▶ _Dataset extract_:
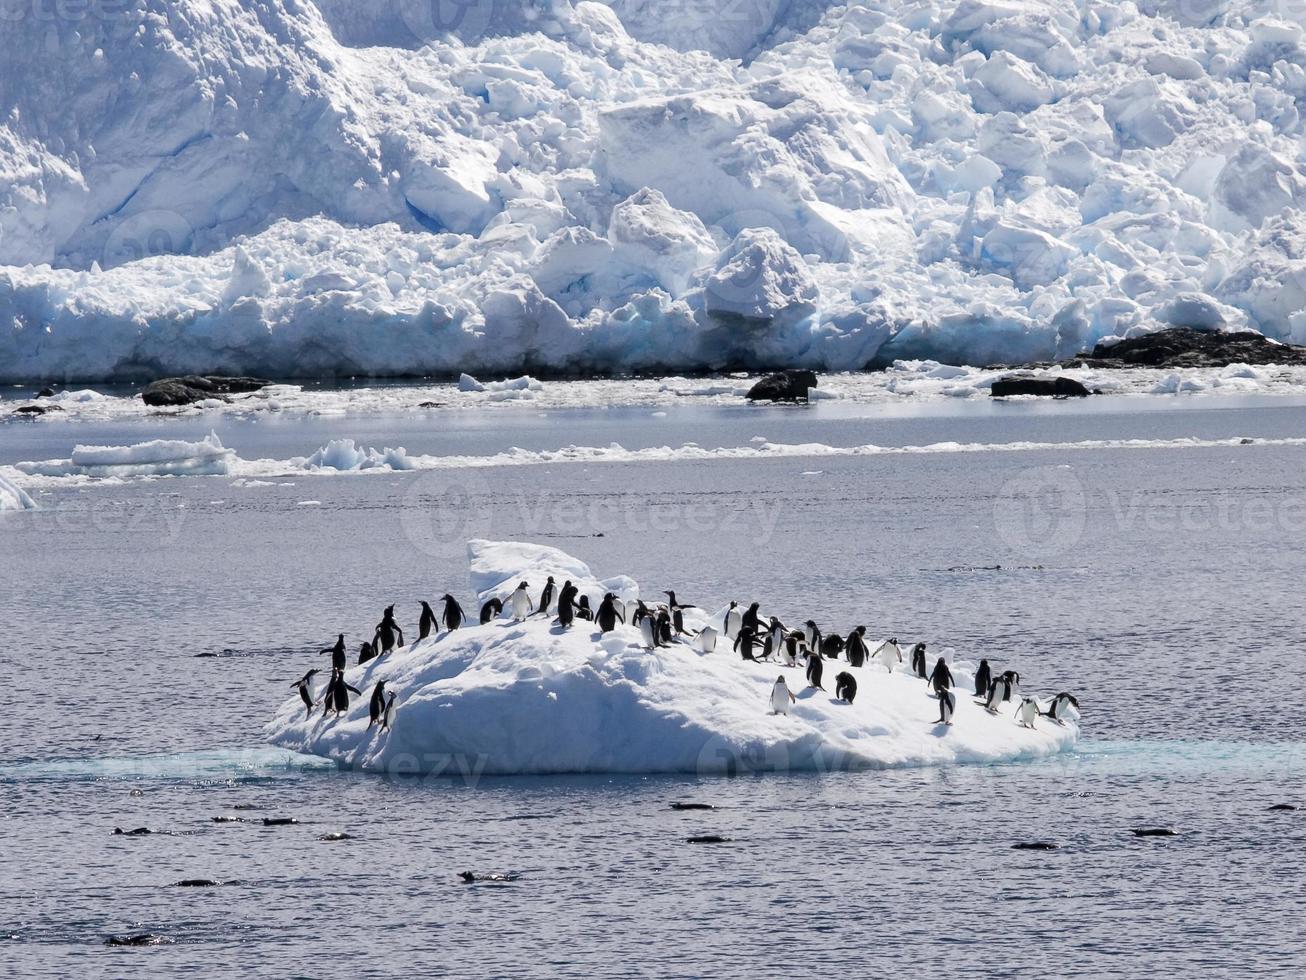 recreación de pingüinos foto
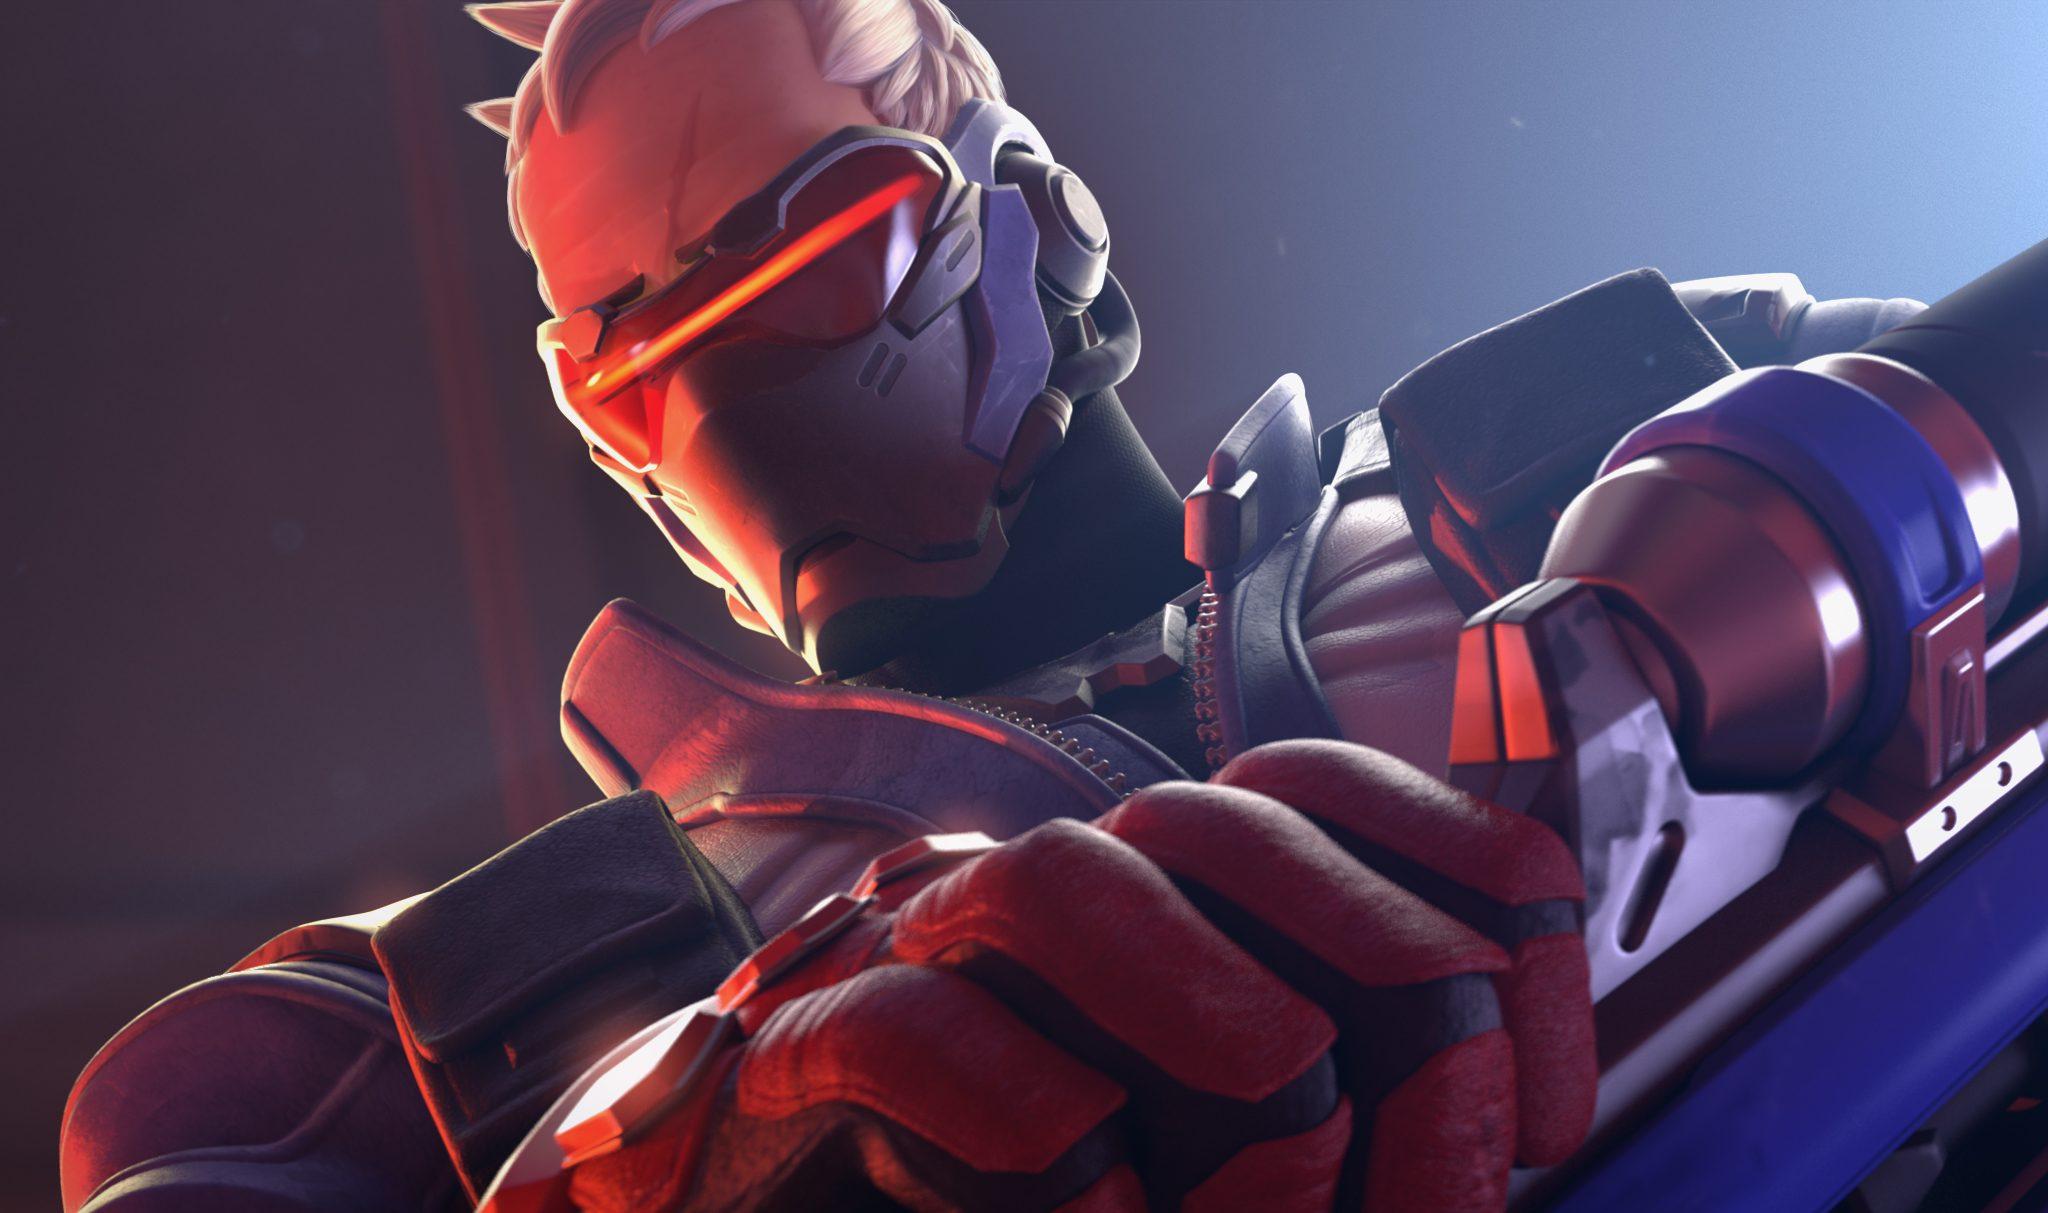 Overwatch Soldier76 Poster
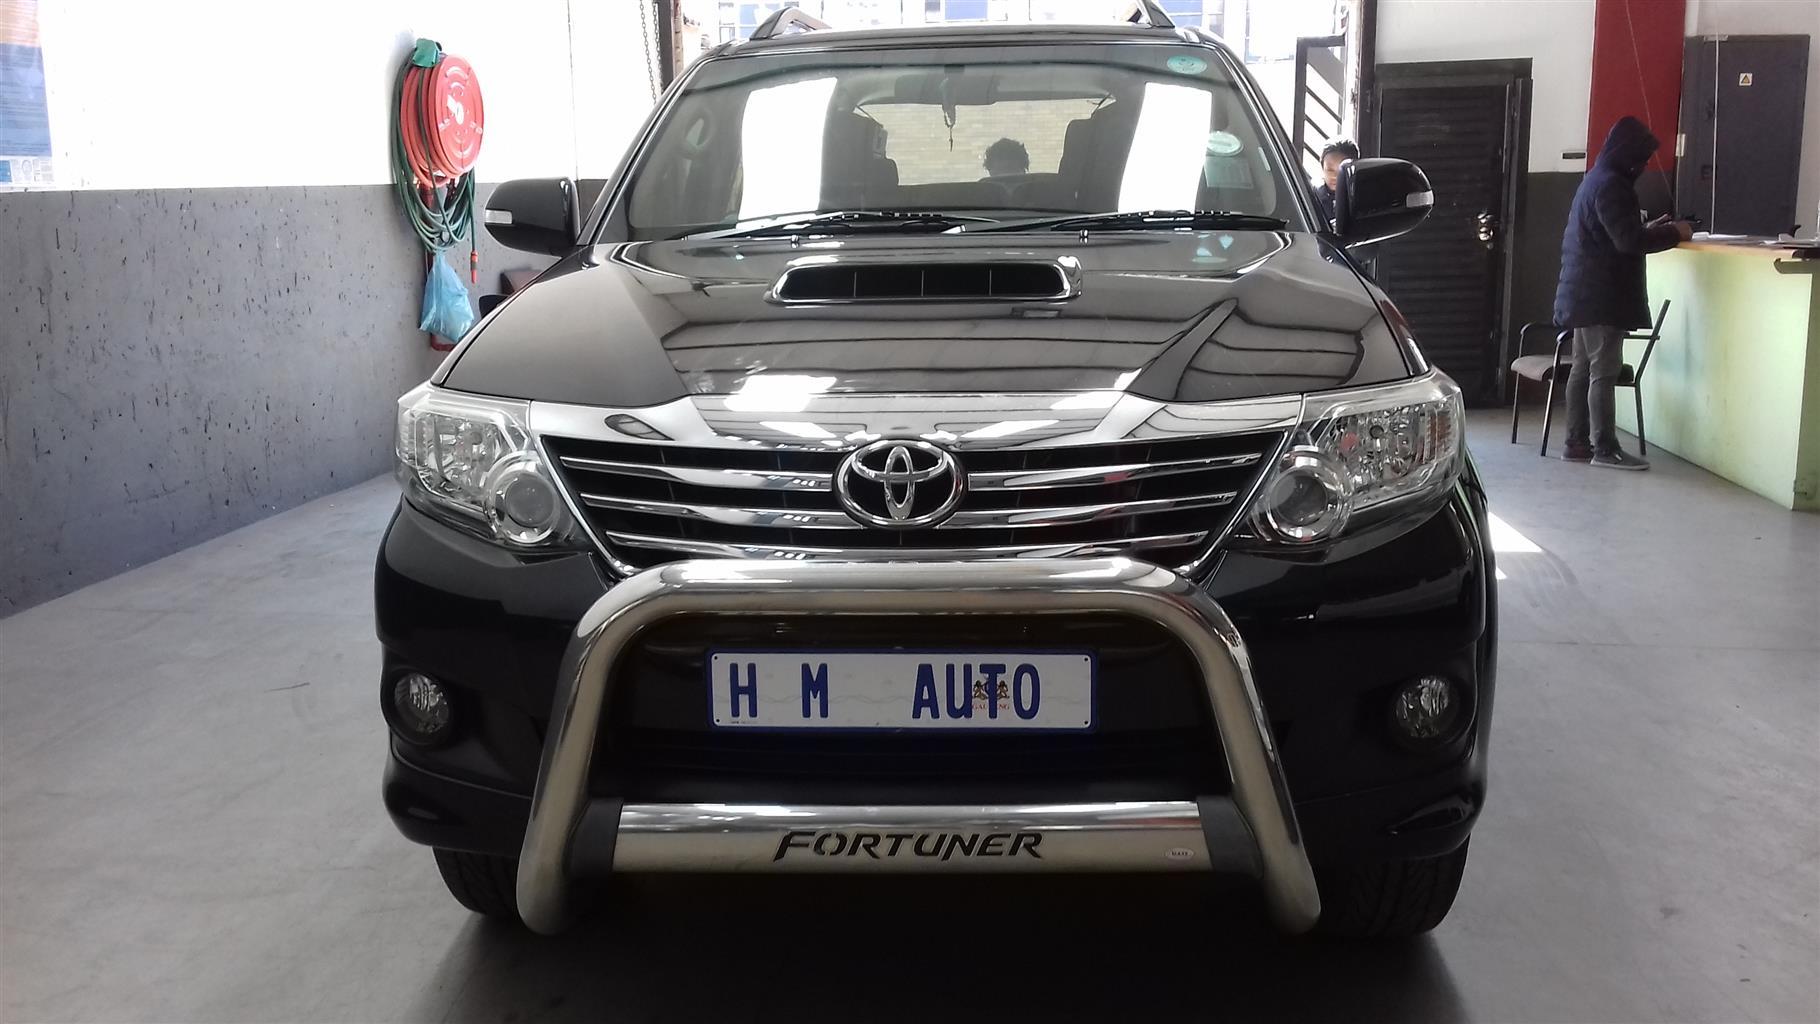 2013 Toyota Fortuner 3.0D 4D auto

▶ _Task details_:
Only the pictures are to be left out; write out all the other data exactly.

▶ _Task result_:
 recreación de pingüinos foto
 Overwatch Soldier76 Poster
 2013 Toyota Fortuner 3.0D 4D auto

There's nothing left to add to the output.